These are atrophic scars. They occur when you lose skin tissue and your body can’t regenerate it, so you’re left with a depression. They often stem from a bad case of acne or chicken pox— or having an abnormal mole removed. ERASE THEM Getting rid of these dents depends on the atrophic mark you have. Ice pick scars, which are small, deep, and narrow, are typically treated by cutting them out. “There are vertical bands of scar tissue anchored to the bottom of the scar, connecting it to deeper parts of the skin,” says Dennis Gross, M.D., a dermatologist in New York City. Your doctor will numb the area, cut around and remove the scar, and close the incision with a single stitch. But here’s the catch: This procedure will leave a scar. “You’re trading an ice pick scar for a nice flat scar,” Dr. Gross says. You can also inject the scar with a filler, such as Juvéderm or Belotero Balance. “This will help fill the ‘pit,’ ” says plastic surgeon Sachin M. Shridharani, M.D., founder of Luxurgery in New York City. “But the filler will last for only six to 12 months.” Depending on how many scars you have, filler typically starts from RM2,000. Boxcar scars have steep, defined borders and a flat bottom. One treatment is subcision (From RM450 at Premiere Clinic) which involves popping the scarred skin back up with a needle so the area is no longer depressed.
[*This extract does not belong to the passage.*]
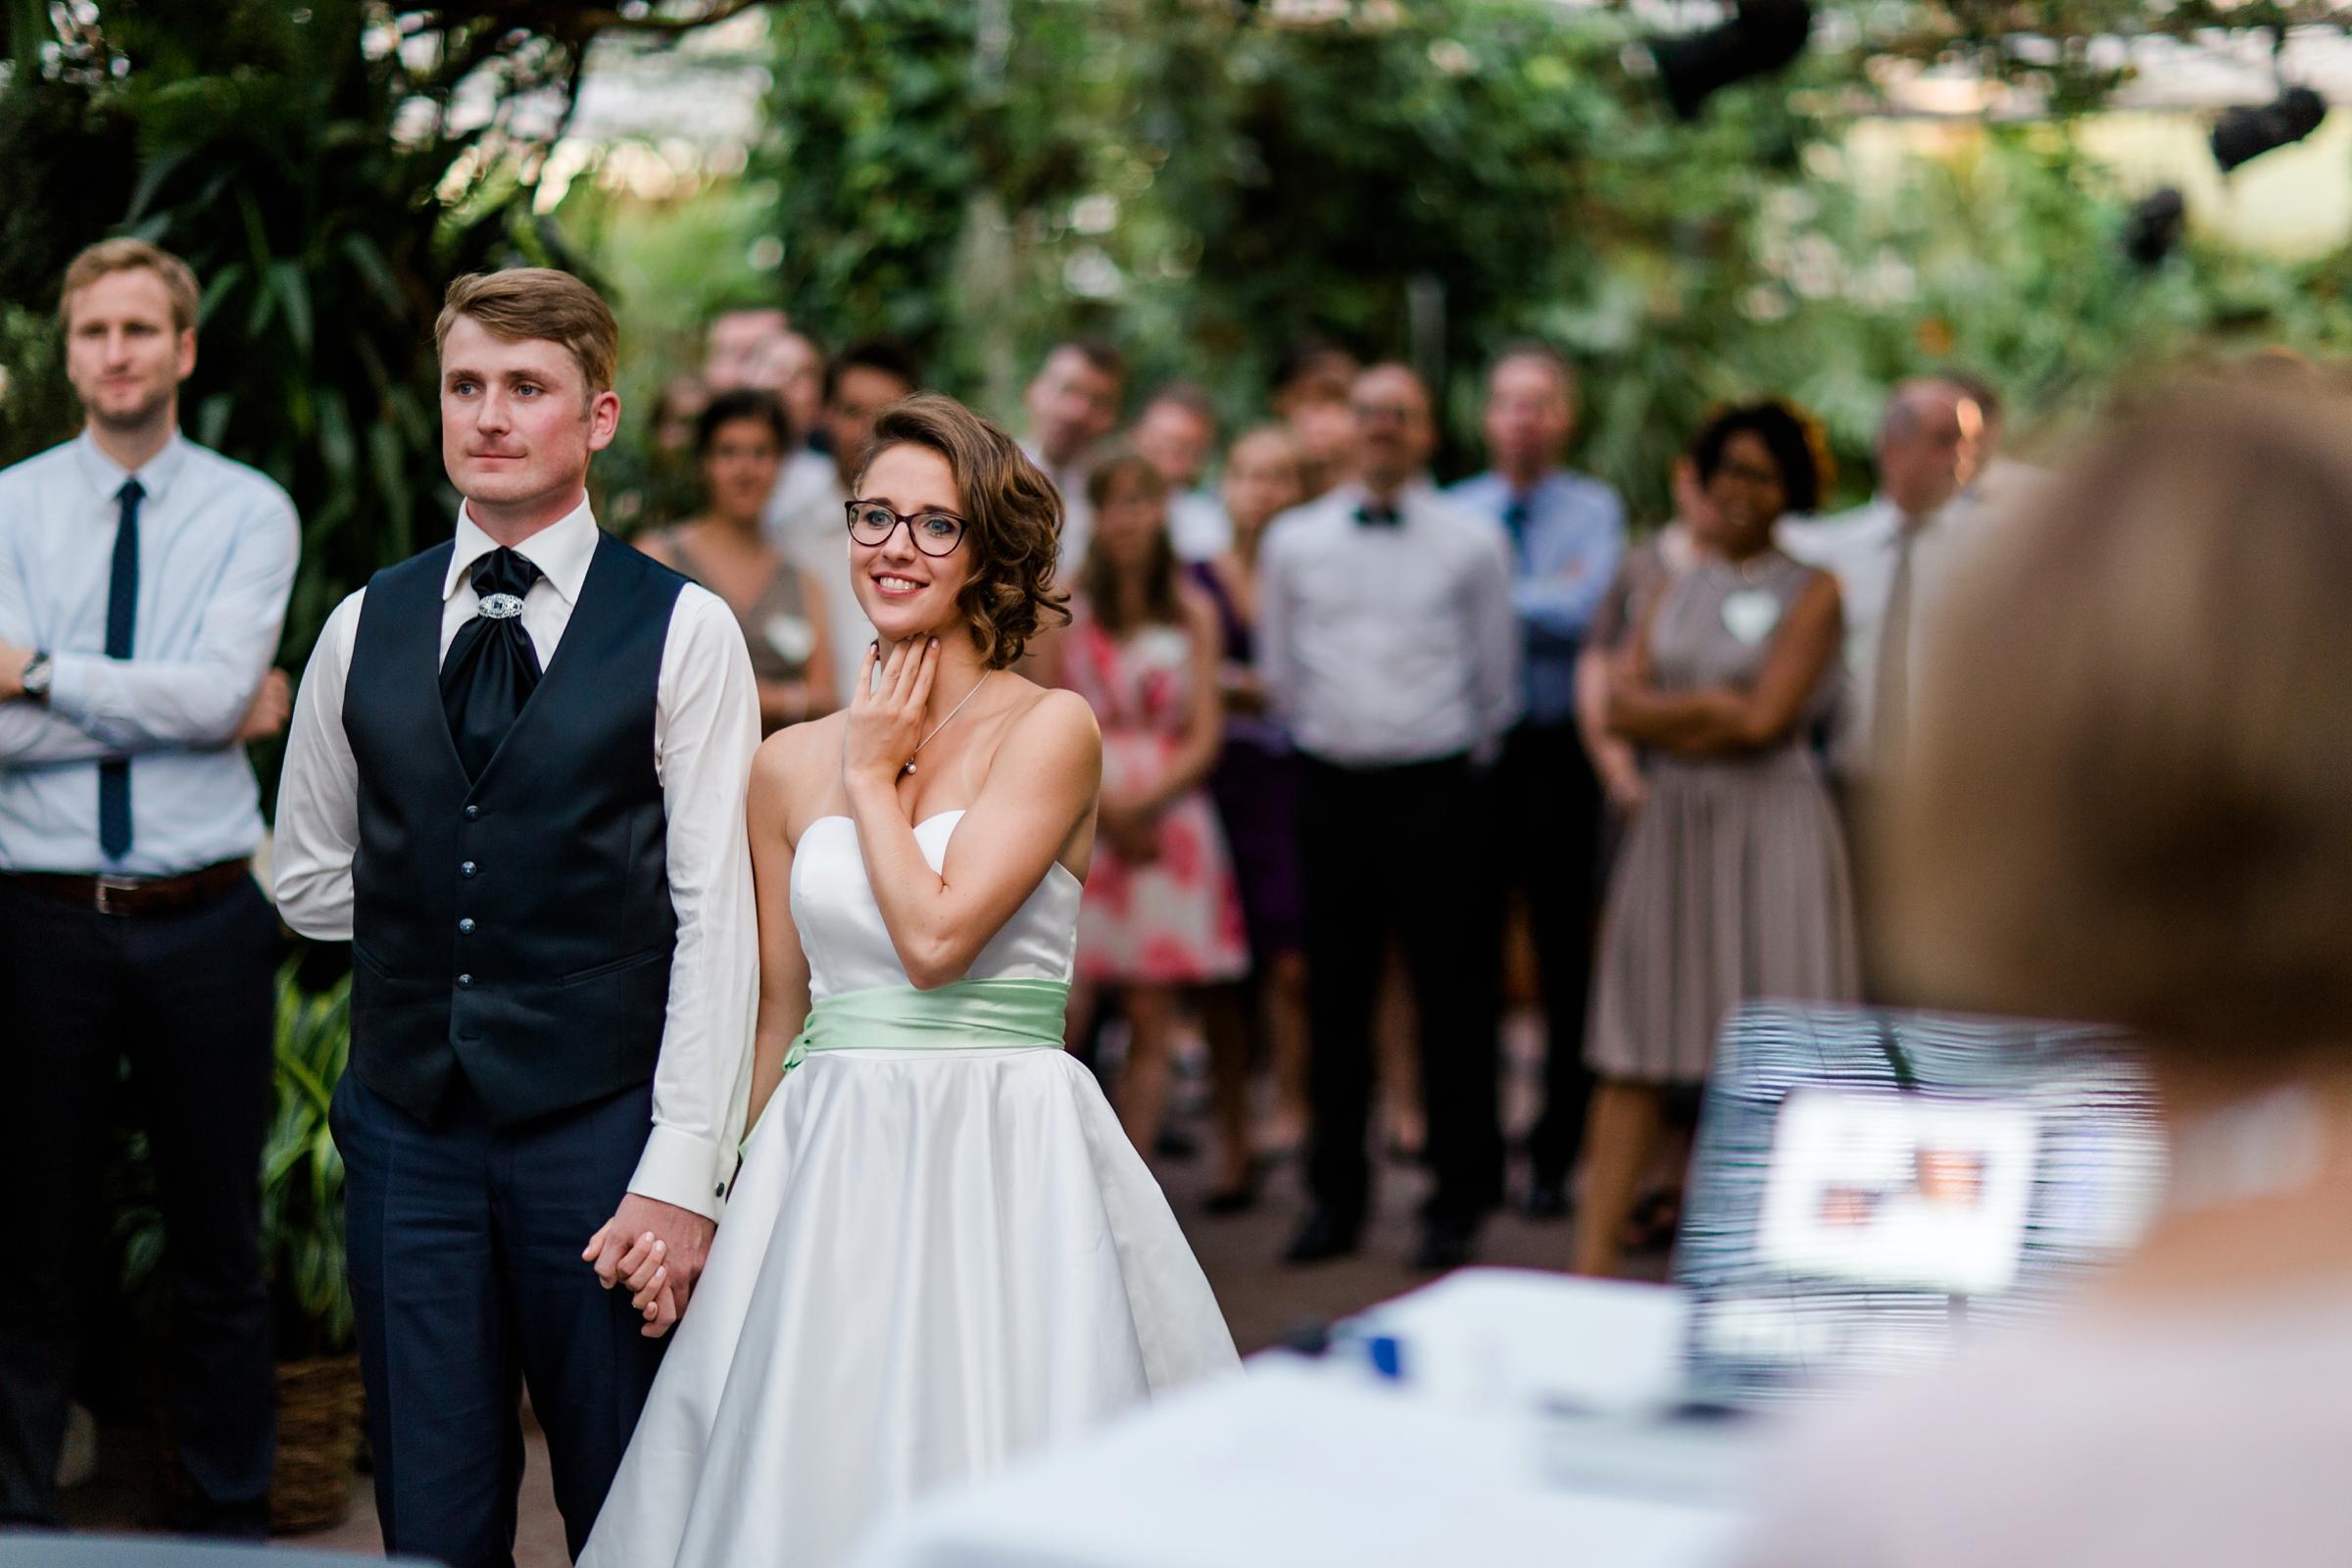 Hochzeitsfotograf-Zuerich-Giardino-Verde-Brautpaar-Filmvorfuehrung

This costs around RM600-RM900), depending on the size, and you could have some bruising for about a week.
Another option: ablative lasers (meaning that they cause damage to the surfaceof skin) called CO or erbium, “which can give you great results,” Dr. Gross says. They both work by making holes in the scar tissue to induce new collagen formation. Most people need three treatments. Lasers can hurt, but a numbing cream takes the edge off. “And you’ll have some redness and crusting for up to 10 days if you had a CO treatment or up to seven in the case of erbium,” Dr. Madfes says.
The last atrophic scar, a rolling scar, is broad and craterlike with rolling edges. “CO or erbium lasers are often used when the scarring is severe, but if scarring is more superficial, fraxel or picosecond lasers can be effective,” Dr. Shridharani says. These nonablative lasers work by tightening skin and stimulating collagen growth. Since they don’t perforate the skin, you’ll just have some temporary redness, and they cost about the same as the CO and erbium.